──────── Input data

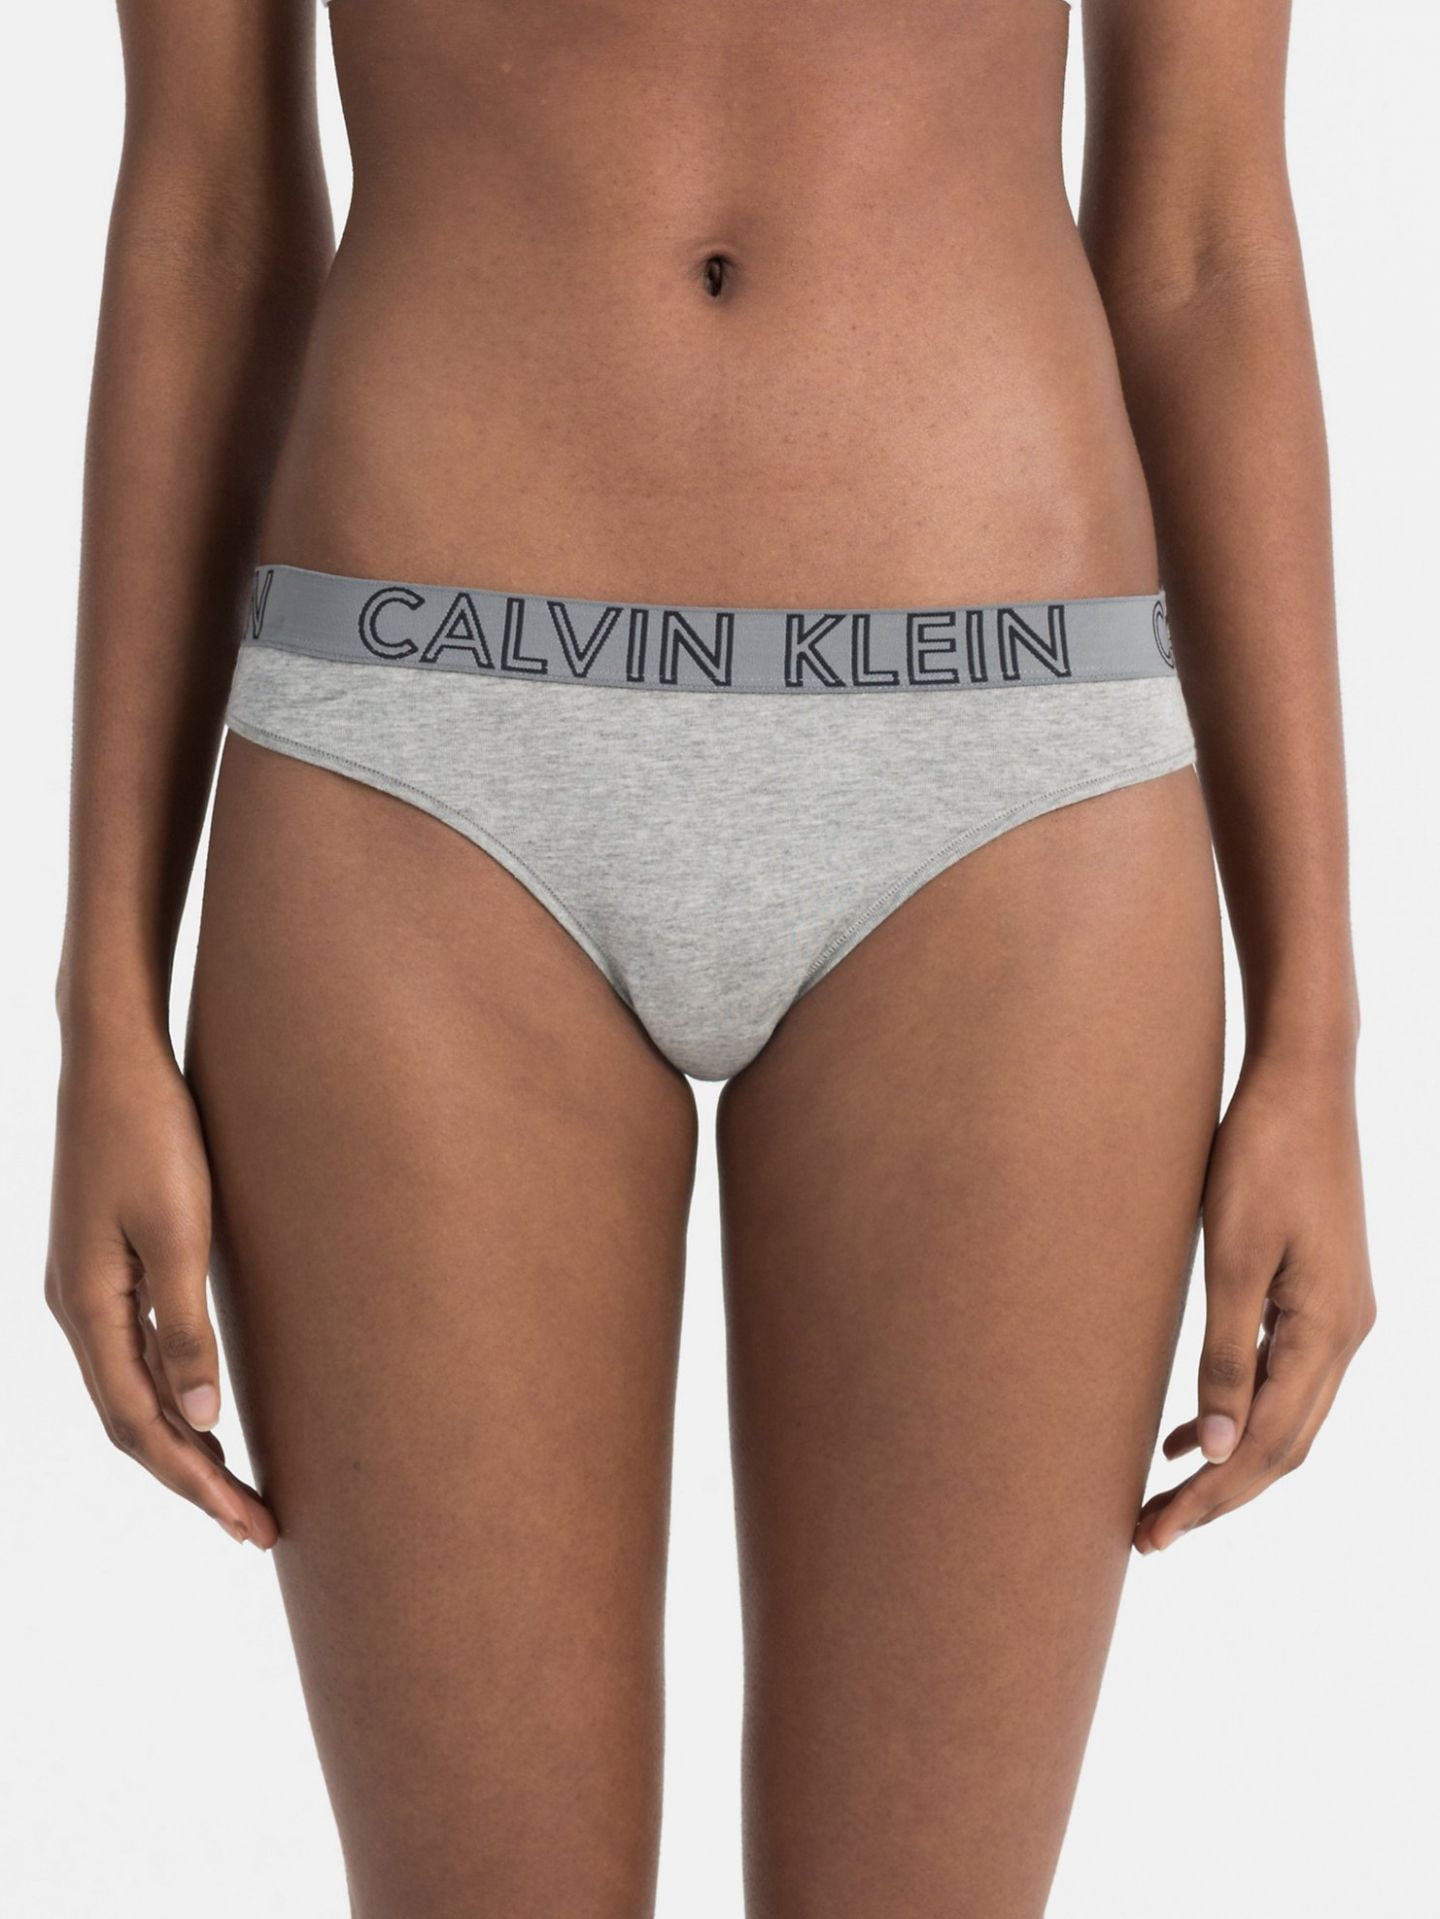 Calvin Klein Women's Ultimate Cotton Thong, Grey Heather, Medium
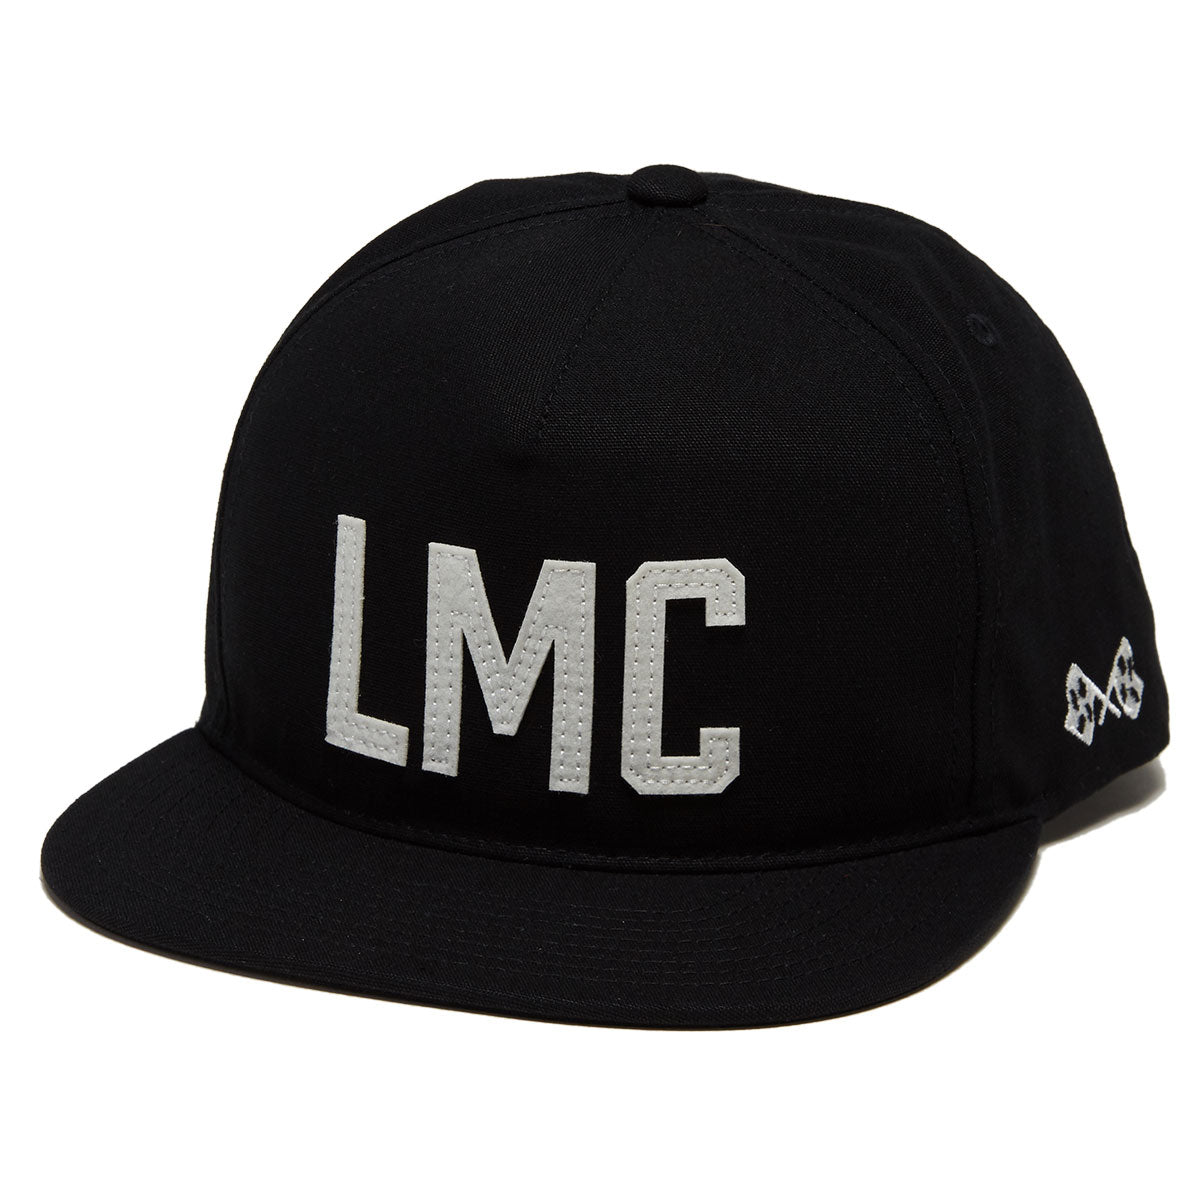 Loser Machine Sans Hat - Black image 1
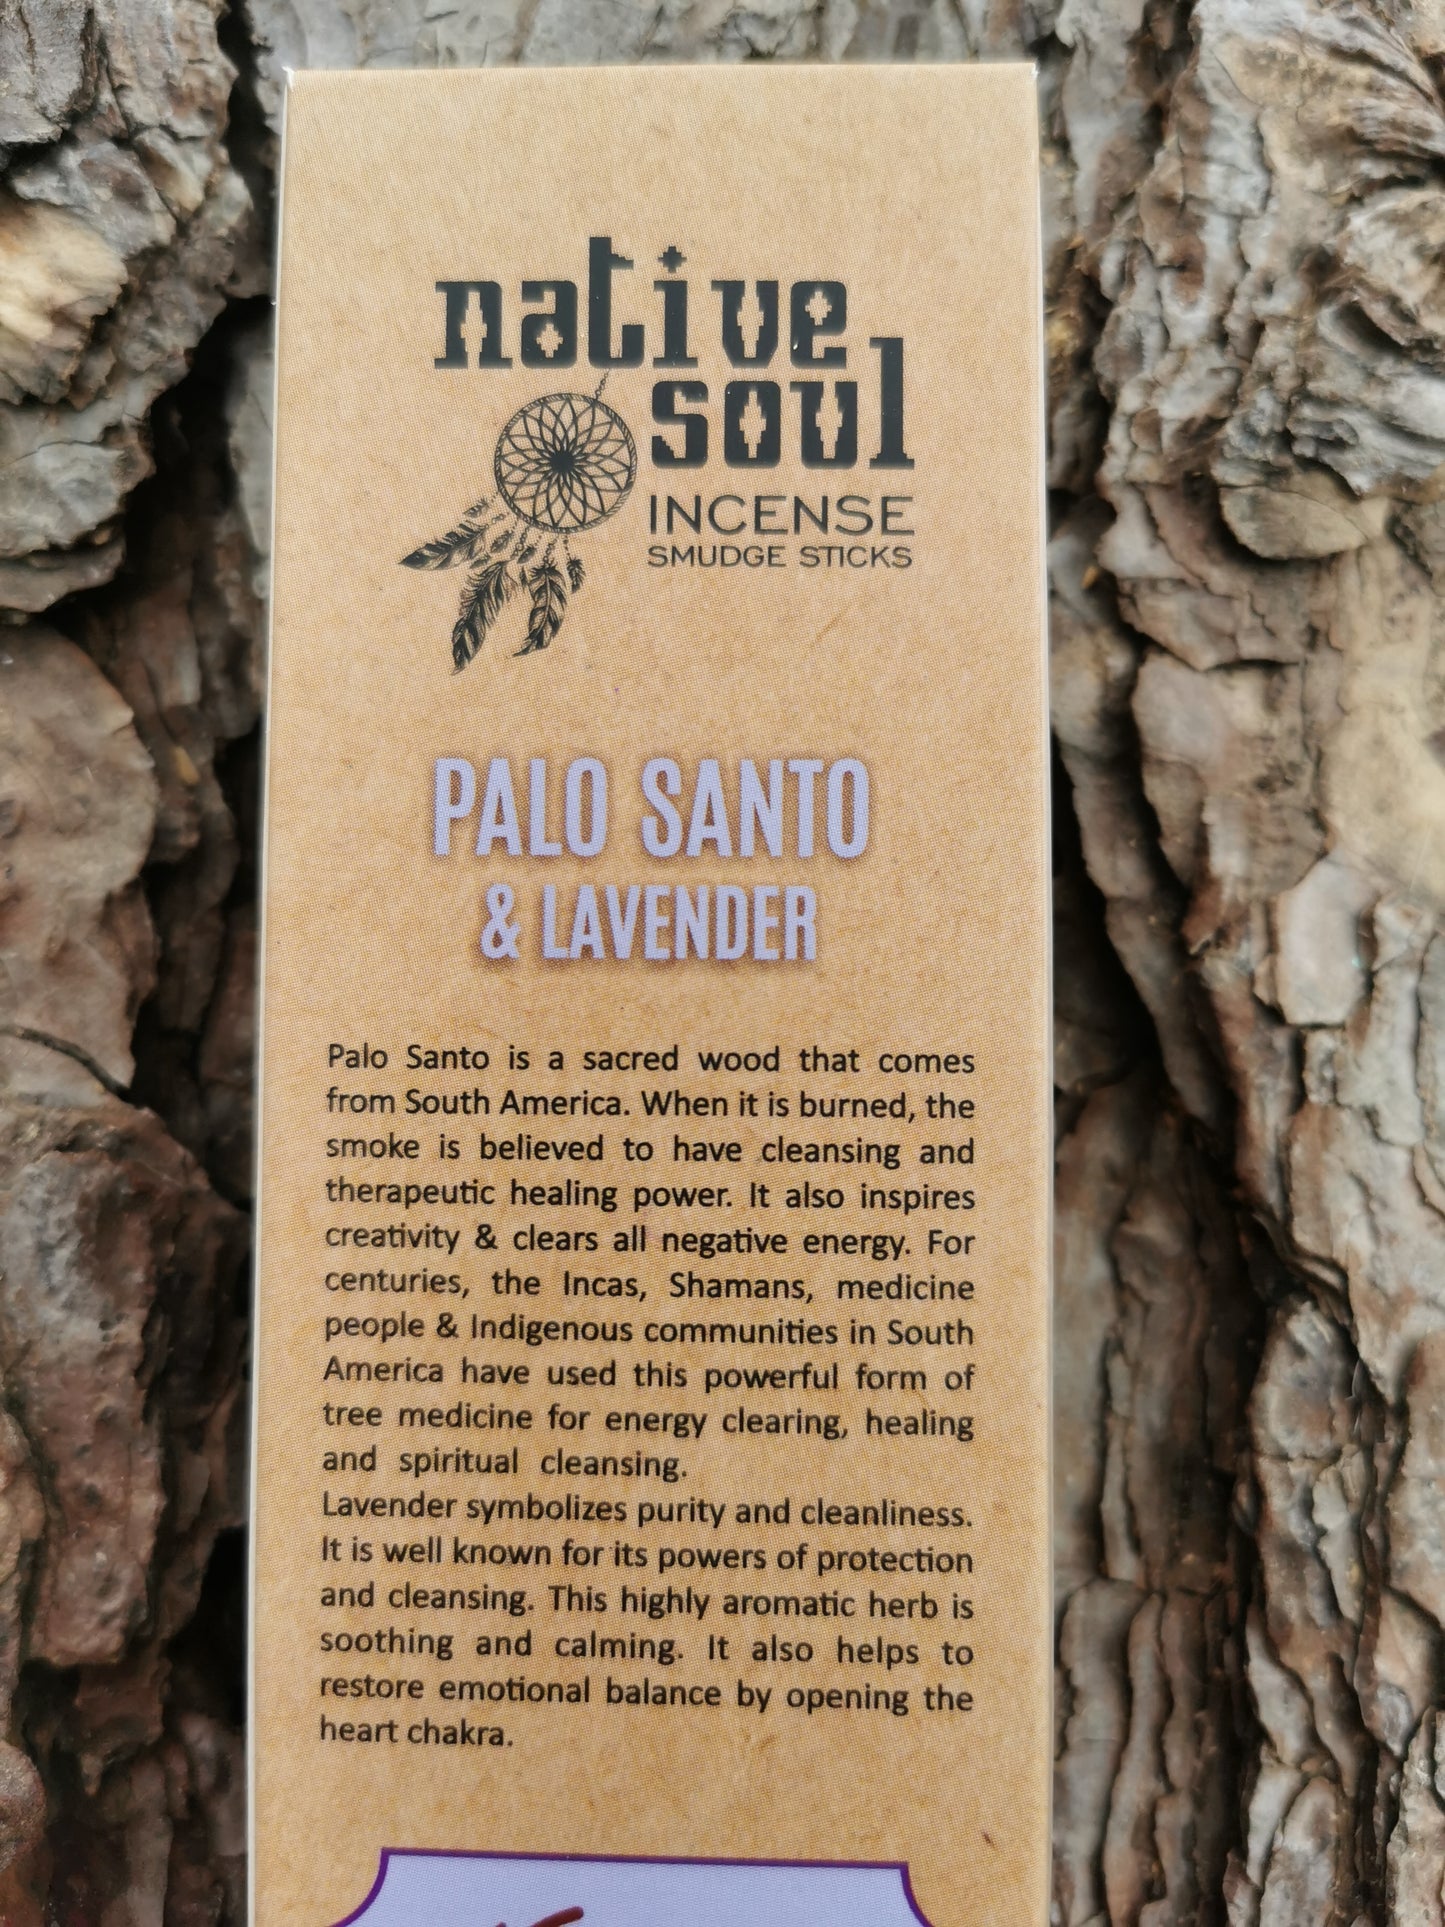 Incense sticks - Native Soul Incense - Palo Santo &amp; Lavender

────────────────

Exercise description:
From the first line to the last, write out the data above exactly. Omit the pictures.

Answer box:
 Calvin Klein Women's Ultimate Cotton Thong, Grey Heather, Medium
 Loser Machine Sans Hat - Black image 1
 Incense sticks - Native Soul Incense - Palo Santo &amp; Lavender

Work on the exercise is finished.